Tom Joyce, Criminal Justice
Before becoming a full-time professor at SMCC, I spent 25 years with the Portland Police Department.
I graduated from SMCC in 1977 before being hired by the Portland Police Department, where I worked as a crime scene technician, a patrol sergeant and a detective sergeant. Now I’m chairman of the Criminal Justice Department.
My favorite part of teaching is to convey my knowledge to students so they can go on to successful careers in law enforcement, corrections, private security and other fields in the criminal justice system. We aren’t just training people to be police officers; we’re giving you the skills and knowledge to springboard wherever you want to go.
Kevin Kimball, Science
Students know me for my trebuchet, a type of catapult used during the Middle Ages that I utilize to teach students about the laws of motion, ballistics, calculating trajectories and making scientific predictions.
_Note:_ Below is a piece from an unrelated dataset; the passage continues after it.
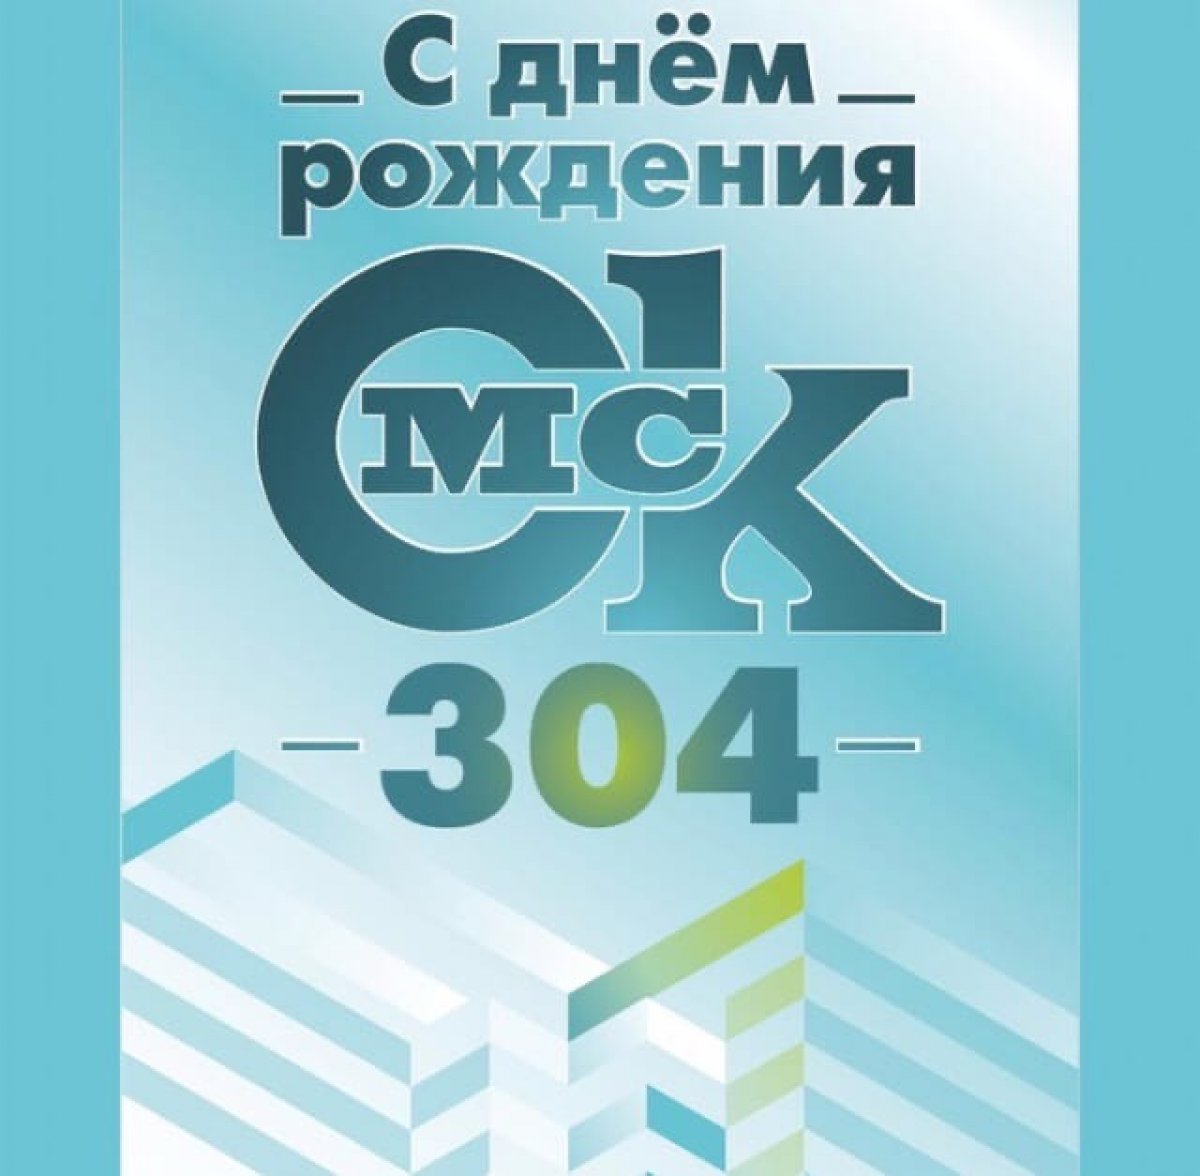 🎉Город Омск- это город возможностей, город ярких людей, город, в котором мы живём!

I teach Physics and Astronomy, and as a Navy veteran I like to engage students “Navy style” and make sure they thoroughly understand what I’m teaching.
I’m going to make sure students know the arithmetic and that they know the language. Once we establish that, we can do anything.
Maureen LaSalle, Hospitality Management
I want students to see the world as their oyster and how many great opportunities there are in the hospitality field. I’m here to teach students what service really means in this industry and prepare them with the valuable skills employers are looking for.
The hospitality and food industry is huge in Maine, providing our students with numerous prospects for bright careers. I love the energy that students have and how they’re at a stage in their lives where they’re trying to figure out what they want to do.
Before coming to SMCC as chair of the Hospitality Management and Culinary Arts programs, I worked at St. Joseph’s College, where I was director of the Alfond Center, events and wellness, as well as an adjunct professor. I’ve also taught at Johnson & Wales University and York County Community College, and I once was the innkeeper at Kennebunkport’s award-winning White Barn Inn.